First, last year was a bumper crop, and apparently the trees tend to get tired the following year. More importantly, the weather was lousy for olives, and great for insects like the olive fly. It lays eggs inside the fruit, the maggots dig their way out, and … yuck. There were other bugs too, and a fungus; they all had a great year. The International Olive Council projects that production will be down 27 percent worldwide. The world’s biggest producer is Spain, and production is down more than 50 percent there.

And while supplies are low, demand has grown in the past two decades. Global consumption is about 50 percent higher than in the early 1990s.

That means high prices, and a higher likelihood that more olive oil will be fake.

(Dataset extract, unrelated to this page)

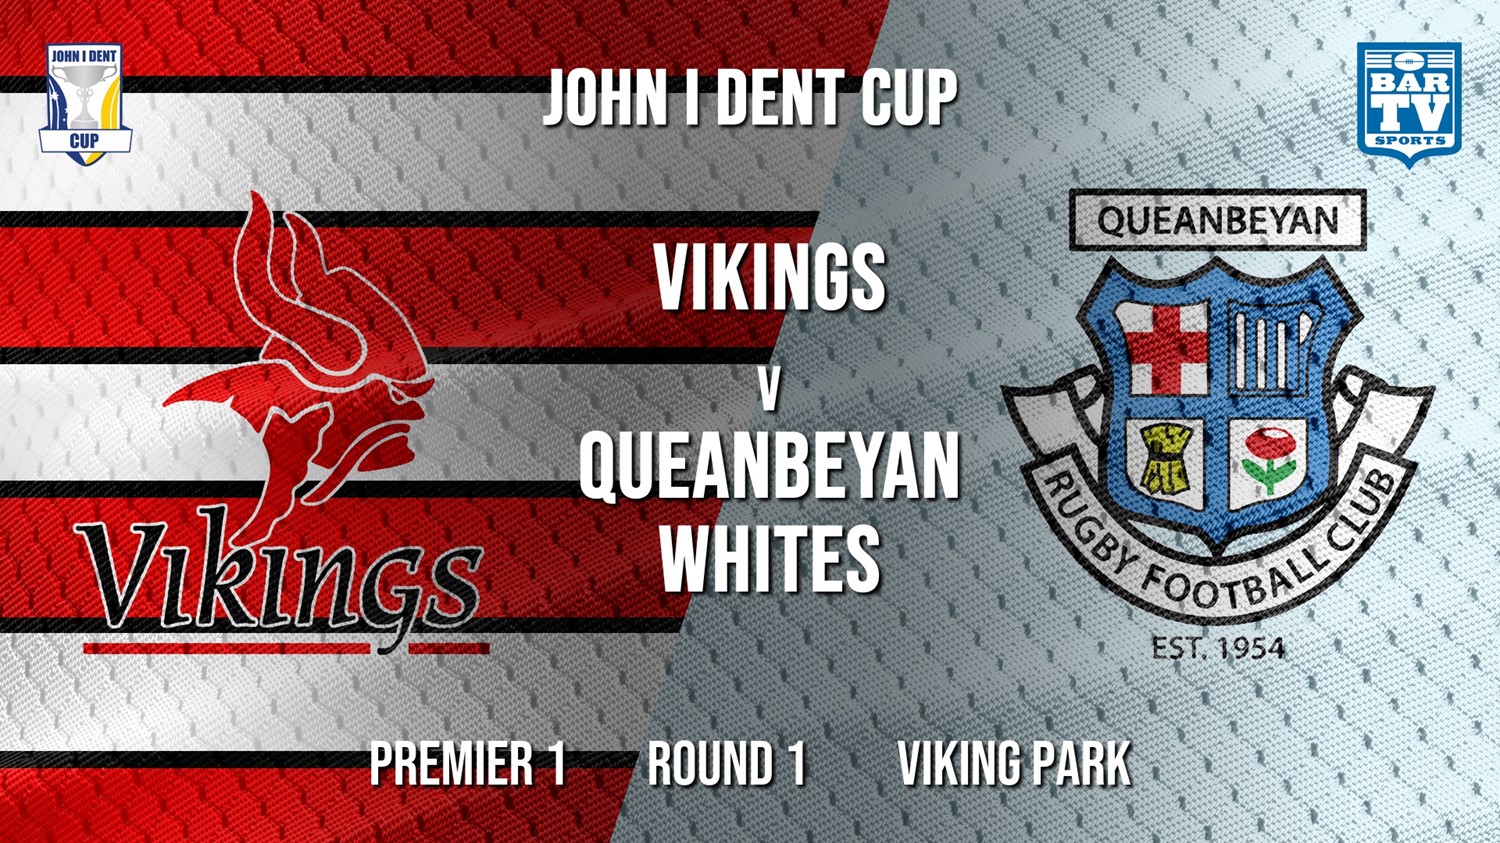 John I Dent Round 1  - Premier 1 - Tuggeranong Vikings v Queanbeyan Whites Minigame Slate Image
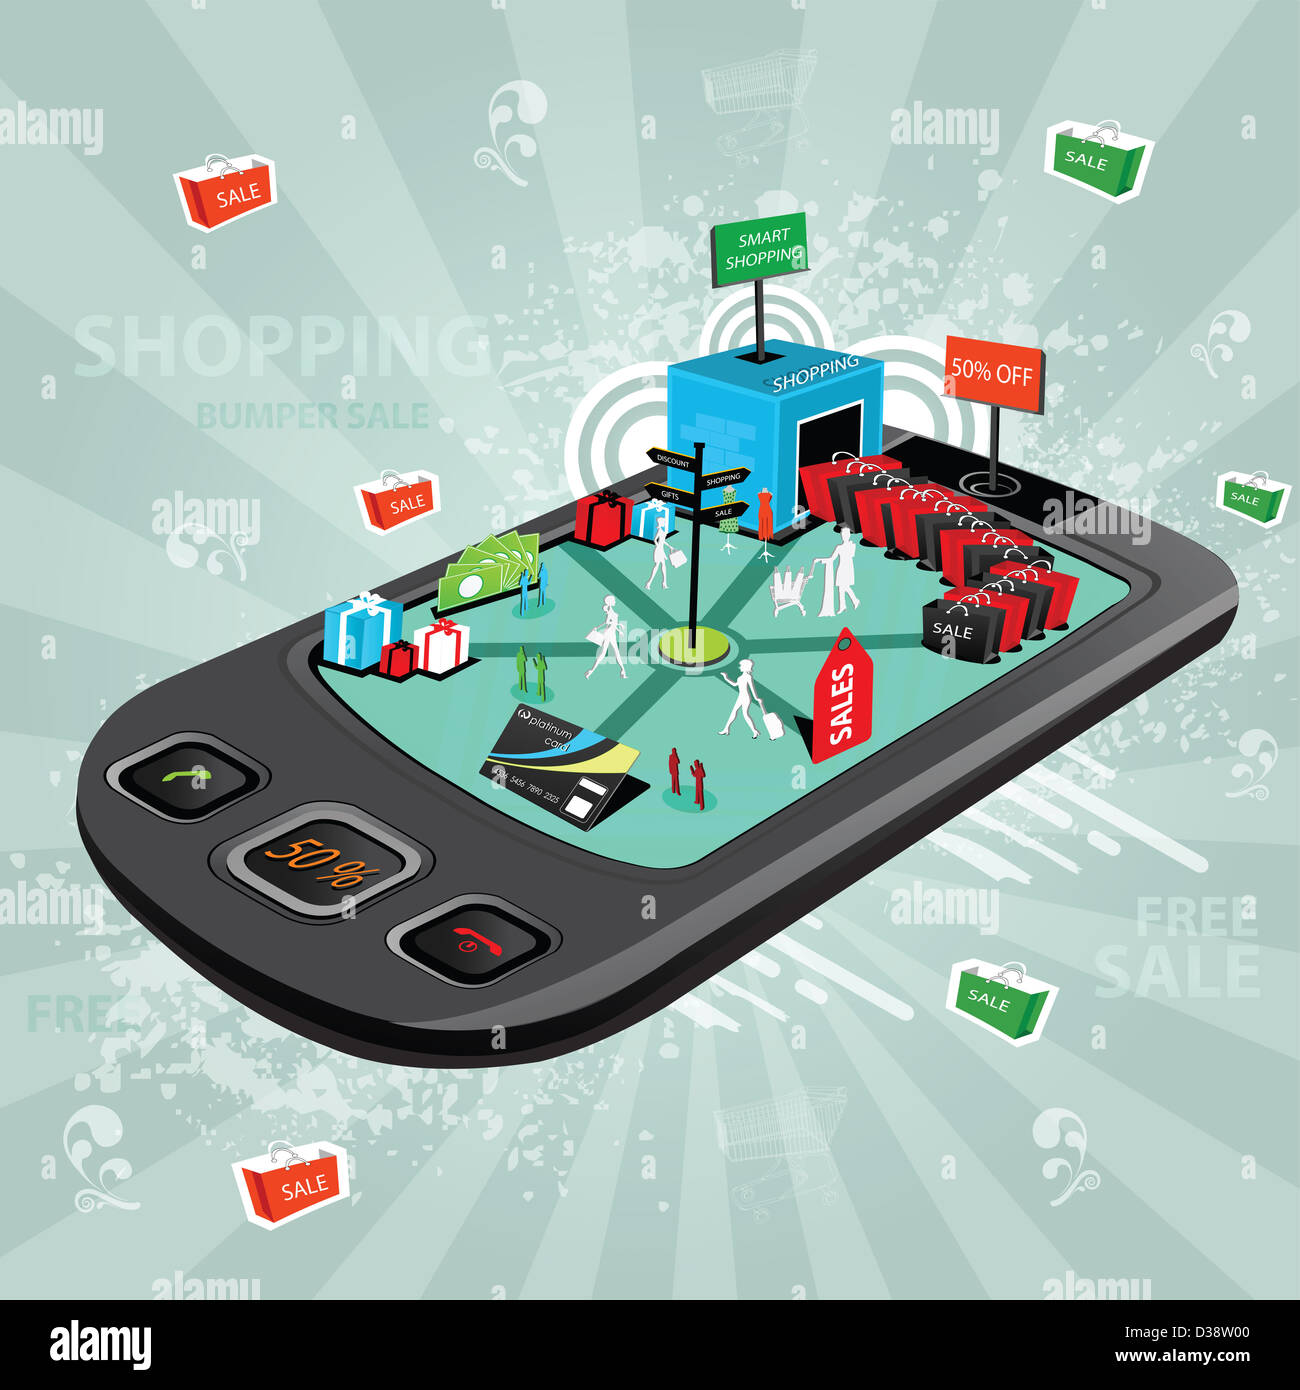 Représentation d'illustration montrant l'utilisation d'un téléphone mobile pour e-shopping Banque D'Images

What gets sold as Italian extra-virgin olive oil often isn’t. It may not be Italian, may not be extra-virgin, and may not be 100 percent olive oil. A lot of oil that’s bottled in Italy actually gets imported from elsewhere, and others have reported that some bottlers adulterate the product.

Tom Mueller — who wrote an exposé on the whole setup for the New Yorker, and then a book called “Extra Virginity”  told the L.A. Times recently that anything priced under 12 bucks a liter almost certainly wouldn’t be extra-virgin Italian olive oil from this year’s harvest.

On the other hand, production doubled in Greece this year. And it almost tripled in Tunisia. So a bottle that says it came from one of those two countries is more likely to be the real thing.